Hippocampus, Amygdala Asymmetries May Track Alzheimer’s Progression
A unique approach to analyzing brain structure that focuses on the shape instead of the size of features may allow identification of individuals in early pre-symptomatic stages of Alzheimer’s disease.
A team of Massachusetts General Hospital (MGH) investigators using advanced computational tools to analyze data from standard MRI scans report that individuals with Alzheimer’s disease, including those diagnosed partway through a multi-year study, had greater levels of asymmetry, differences in shape between the left and right sides of the brain, of key brain structures.
Lead author Christian Wachinger, PhD, formerly with the Martinos Center for Biomedical Imaging at MGH, said:
“Our results show for the first time that asymmetry of the hippocampus and amygdala increases with disease severity, above and beyond age-associated effects. By studying the progression of asymmetry from mild cognitive impairment to dementia, we demonstrated that greater asymmetry in those and a few other structures can predict disease progression and could be a biomarker allowing early detection of dementia.”
Wachinger is part of a team led by Martin Reuter, PhD, of the Martinos Center, that developed BrainPrint, a computer-aided system for representing the whole brain based on the shapes rather than the size or volume of structures.
Originally described in a 2015 article, BrainPrint appears to be as accurate as a fingerprint in distinguishing among individuals. In a recent paper, Wachinger and Reuter demonstrated the use of BrainPrint for automated diagnosis of Alzheimer’s disease.
The current study used BrainPrint to analyze structural asymmetries in a series of MR images of almost 700 participants in the National Institute of Health-sponsored Alzheimer’s Disease Neuroimaging Initiative (ADNI).
Participation in that study involves MR brain imaging taken upon enrollment and repeated every 6 to 12 months, along with cognitive and genetic testing; and the MGH study analyzed data from ADNI participants with at least three MRI scans.
Participants were divided into four groups: those diagnosed with probable Alzheimer’s when entering the study, healthy controls with no sign of dementia, individuals with mild cognitive impairment that remained stable over the two to three years for which scans were available, and those with mild cognitive impairment that progressed to Alzheimer’s disease during the study.

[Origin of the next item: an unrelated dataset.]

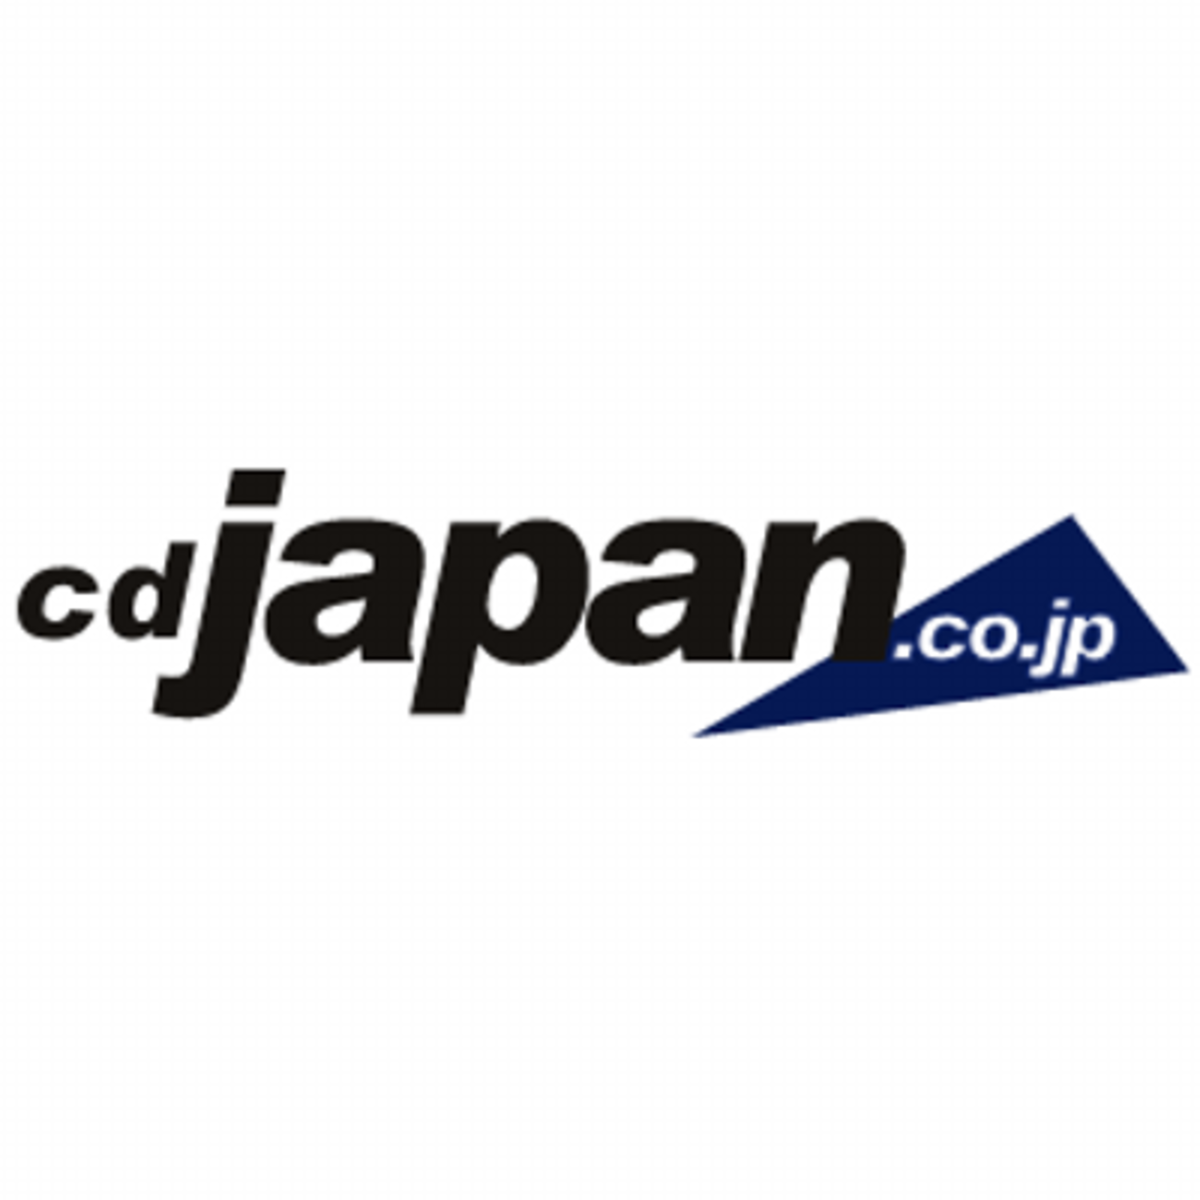 Website Review: CDJapan.co.jp

BrainPrint analysis of the data revealed that initial, between-hemisphere differences in the shapes of the hippocampus and amygdala (structures known to be sites of neurodegeneration in Alzheimer’s disease) were highest in individuals with dementia and lowest in healthy controls.
Among those originally classified with mild cognitive impairment, baseline asymmetry was higher in those that progressed to Alzheimer’s dementia and became even greater as symptoms developed. Increased asymmetry was also associated with poorer cognitive test scores and with increased cortical atrophy.
The senior author of the Brain paper, Reuter explains,
“Several studies have indicated that Alzheimer’s has different effects in different sub-structures of the hippocampus and amygdala. Since the shape descriptors of BrainPrint are more sensitive to subtle changes within a structure than are standard volume-based measures, they are better suited to quantify early disease effects and predict future progression, which opens up new research directions into the mechanisms that cause these asymmetries.
For example, in addition to asymmetric distribution of amyloid beta, which has been reported, the differences could reflect disease subtypes that affect hemispheres differently.”